German Umlauts are represented either by LaTeX
convention or by 7 bit ASCII signs or by German Character set
coding used by DEC and Sun:

Umlaut  LaTeX   7 Bit ASCII (dec)       German Char Set (hex)
Ae      "A      [ (91)                  C4
Ue      "U      ] (93)                  CD
Oe      "O      \ (92)                  D6
ae      "a      { (123)                 E4
ue      "u      } (125)                 FC
oe      "o      | (124)                 F6
ss      "s      ~ (126)                 DF

<Canonical form> =
The canonicalal string contains the exspected citation forms of the
word in the utterance. Note that this is NOT a transcription of the
signal. Symbols used are the German subcorpus of the 
SAM-PA, with
following changes to SAM-PA:

Q       Glottal Stop
q       Glottalisierung (not in canonicalal forms!)
'       main stress
"       secondary stress
#       compositum marker (optional)
+       function word marker (suffix, optional)

Words are seperated by two blanks, phonemic labels are seperated by
one blank. 

<Extended German SAM-PA symbols> =
See the here for a complete table of extended SAM-PA symbols.
Aside of the defined German SAM-PA symbols we use the following
additional symbols:
~               : nasalation, e.g.
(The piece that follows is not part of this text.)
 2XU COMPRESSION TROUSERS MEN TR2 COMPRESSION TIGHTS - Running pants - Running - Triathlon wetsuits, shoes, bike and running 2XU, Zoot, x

E~
Q               : glottal stop (instead of ? in SAM-PA) 
'               : canonicalal main stress (of word)
"               : canonicalal secondary stress (of word)
q               : glottalization
%               : uncertain boundary, e.g. $%a:
-               : change to canonicalal form:
                  replacement:  a:-A
                  elision:      a:-
                  insertion:    -A
=               : realization of two syllables in a diphtong, e.g. E:=6
+               : function word (placed after last segment)

Remarks:

Segment boundaries are in rising zero crossings only.
The vocalized /r/ is usually represented by a diphtong/triphtong (consisting of the preceeding vowel/diphtong and the vocalized /6/) rather then two segments. Examples: /d i:6/ (dir), /g e: h OY6/ (geheuer)

S2 Format

The S2 format contains an automatically generated phonological annotation of the signal.
The format is quite the same as PhonDat 1 with the following alterations:

The transcript is not given; only the list of segments.
The list of segments has a third column which contains the time-normalized log likelihood of the segment calculated during the Viterbi align.

BAS Partitur Format

General

Most formats of files with segmental information to speech signal have the disadvantage that

they are not easy to extend (without rewriting software that uses the older format).
they are not easy to process with UNIX standard tools.
they mix different despription levels (which leads to technical and conceptional problems)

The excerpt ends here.